6. Personal Property (Jewelry, Art, etc.) Valuable personal property, such as jewelry, art, or other collectibles, should be placed into a trust to ensure they are distributed according to your wishes. This can also prevent disputes among heirs and avoid probate. We include a document that transfers all your personal belongings into your trust.

7. Safe Deposit Box If your safe deposit box contains valuable items, such as a cryptocurrency wallet, or important documents, it is advisable to transfer ownership into a trust. This ensures that your trustee has access to the box without needing a court order, which can be time-consuming and costly.

8. Collectibles (Coins, Stamps, etc.) Collectibles that hold significant value should be included in your trust to ensure they are properly managed and distributed. This not only helps avoid probate but also ensures that these items are handled by someone who understands their worth.

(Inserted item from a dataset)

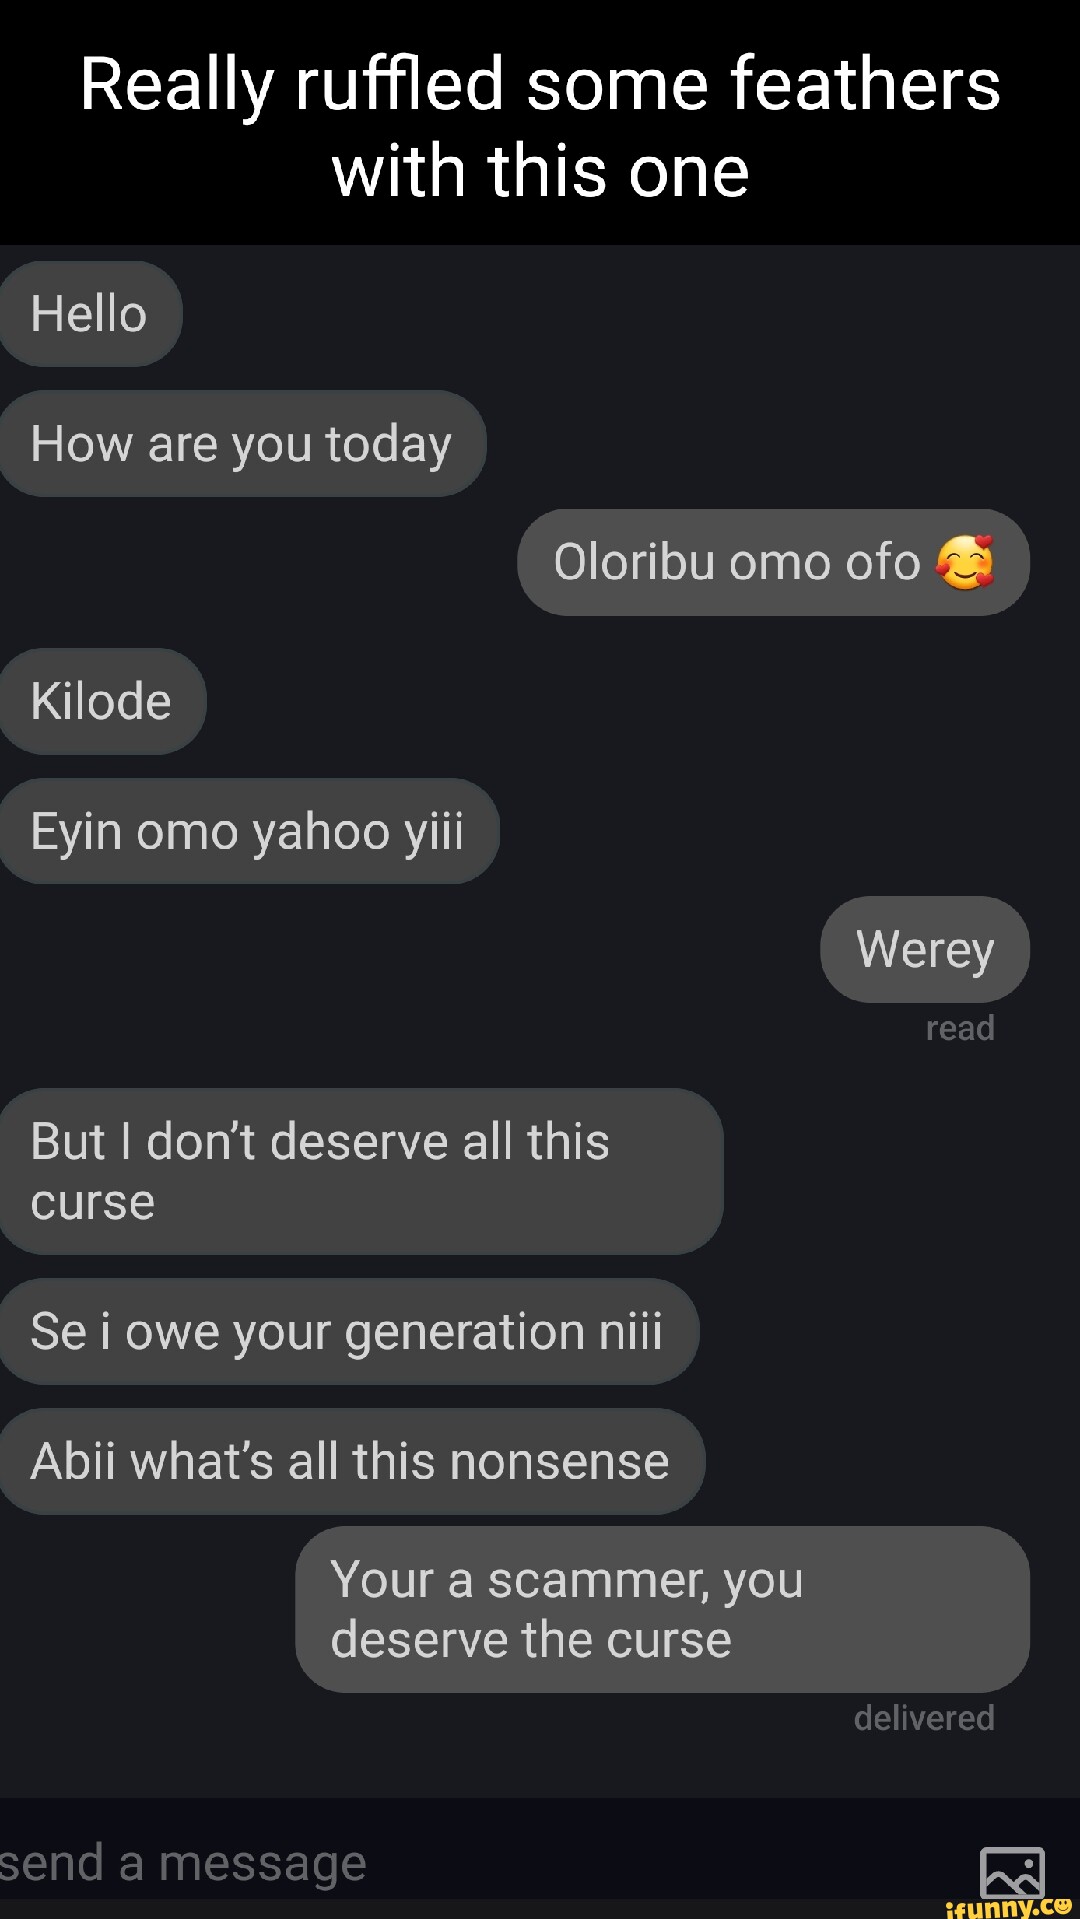 Lolz Pls what's the meaning of wehrey Guess is Yoruba? So

Make Trust the Beneficiary

1. Retirement Accounts (IRA, 401(k)) Retirement accounts like IRAs and 401(k)s should not be transferred into a trust while you are alive due to potential tax consequences. Instead, you can name the trust as the beneficiary of these accounts. This allows the assets to be distributed according to the trust’s terms upon your death while preserving the tax-deferred status of the accounts during your lifetime. Our trusts include a conduit provision to ensure the maximum stretch period can be used for distributions.

2. Life Insurance Policies Naming a trust as the beneficiary of your life insurance policies can help ensure that the proceeds are used according to your wishes. This can be particularly beneficial if you want to provide for minor children or other beneficiaries who might need assistance managing a large sum of money.

3. Annuities Similar to retirement accounts, annuities should generally not be transferred into a trust while you are alive. Instead, naming the trust as the beneficiary allows the proceeds to be managed and distributed according to your estate plan.

Conclusion

Understanding whether to change the ownership of an asset to a trust or to designate the trust as a beneficiary is important. However, doing so correctly is essential for ensuring that your estate plan functions smoothly and that your assets are distributed according to your wishes. By carefully considering the nature of each asset, you can optimize your estate plan and provide peace of mind for yourself and your loved ones.